The HTH-1 and HTH-2 regions on RpbA may represent a novel bipartite HTH motif. The first such motif was determined for the POU region of the eukaryotic Oct-1 transcription factor (14). Additional eukaryotic transcription regulators containing two HTH motifs per subunit have been reported (11, 18, 25). A prokaryotic bipartite HTH motif was recently determined for the monomeric E. coli MarA transcriptional activator (20), which belongs to the AraC/XylS family of prokaryotic transcriptional regulators (6). A feature common to these regulators is two HTH motifs separated by a flexible linker that allows the motifs to bind the DNA in various orientations relative to one another with a parallel or antiparallel arrangement of the two recognition helices. Presuming that HTH-1 and HTH-2 comprise a bipartite HTH motif, the RpbA protein-DNA interaction would necessarily differ from the determined eukaryotic and prokaryotic bipartite HTH structures. Given the spatial constraint of the nine-residue linker separating HTH-1 from HTH-2, it is likely that the two corresponding recognition helices would tandemly interact with the major groove on perpendicular or opposite sides of the DNA double helix.
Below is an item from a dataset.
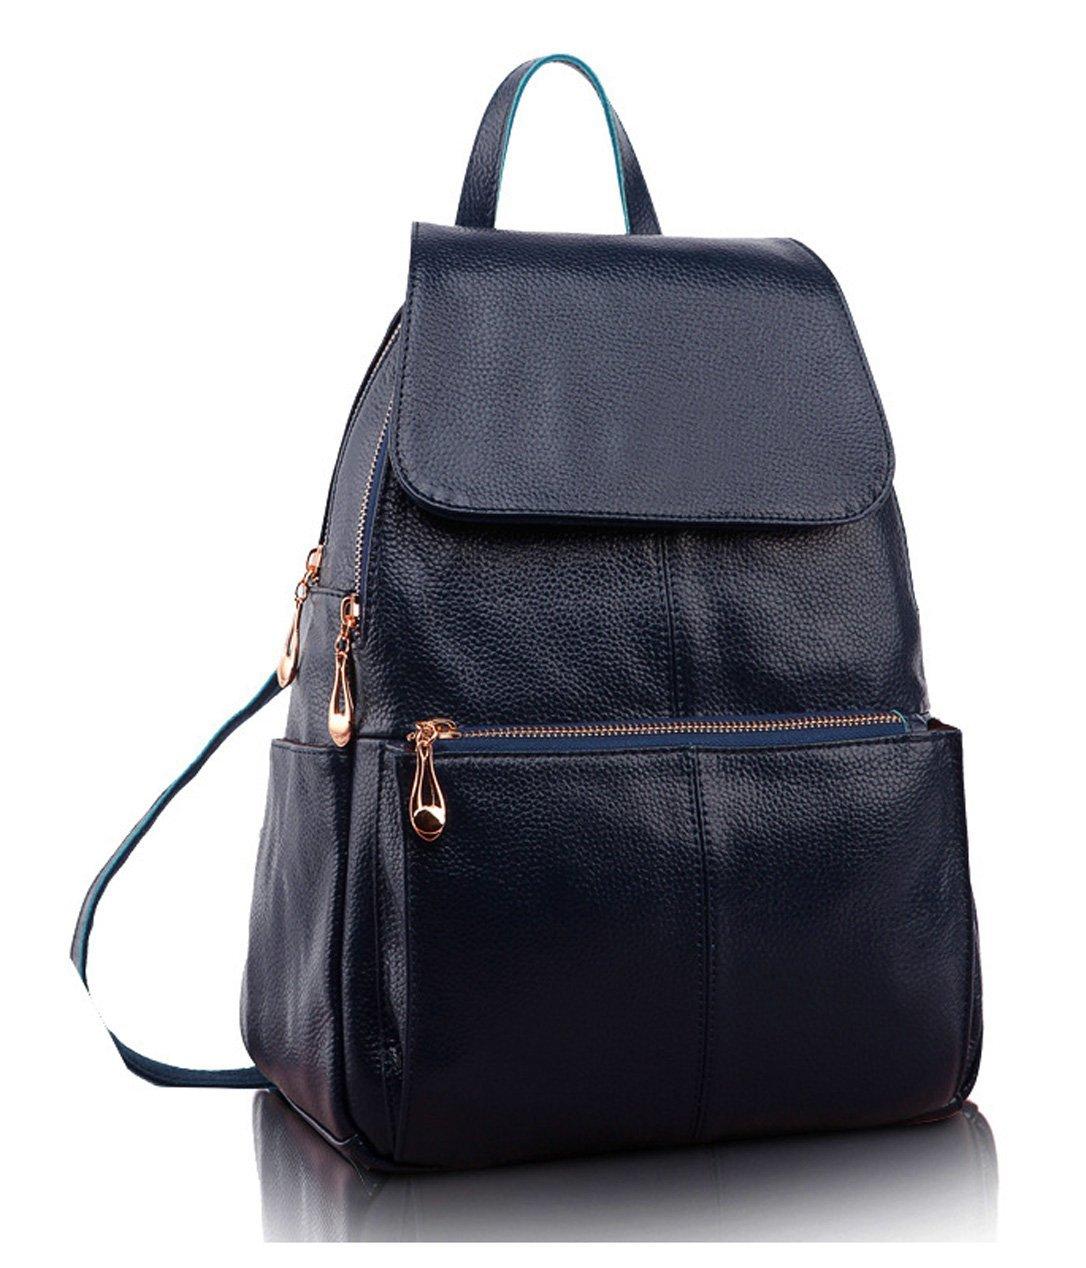 Amazon Damen Echtes Leder Rucksack Vintage Rucksack Damen Mode Schulrucksack Saphir 34,99 Euro 30% Aktion

The precise role of RpbA in the regulation of PBS biosynthesis in F. diplosiphon remains to be determined. As a repressor for the cpcB1A1 gene set, RpbA functions in controlling the synthesis of PC₁, which plays a critical role in PBS structure and function as the phycobiliprotein component of the invariant core-proximal hexamer of each rod. Under nutrient-replete conditions, transcription from cpcB1A1 is constitutive, regardless of light quality. However, in response to sulfate deprivation, transcription from cpcB1A1 (as well as cpcB2A2 and cpeBA) is repressed while transcription from cpcB3A3 is induced (17). One possibility is that RpbA plays a role in this sulfate acclimation response. Alternatively, RpbA may function in coordinating PC₁ synthesis to the cellular demand for light-harvesting capacity. Such a regulatory mechanism is demonstrated by cyanobacterial strains that respond to a decrease in light availability by increasing their cellular PBS content (24).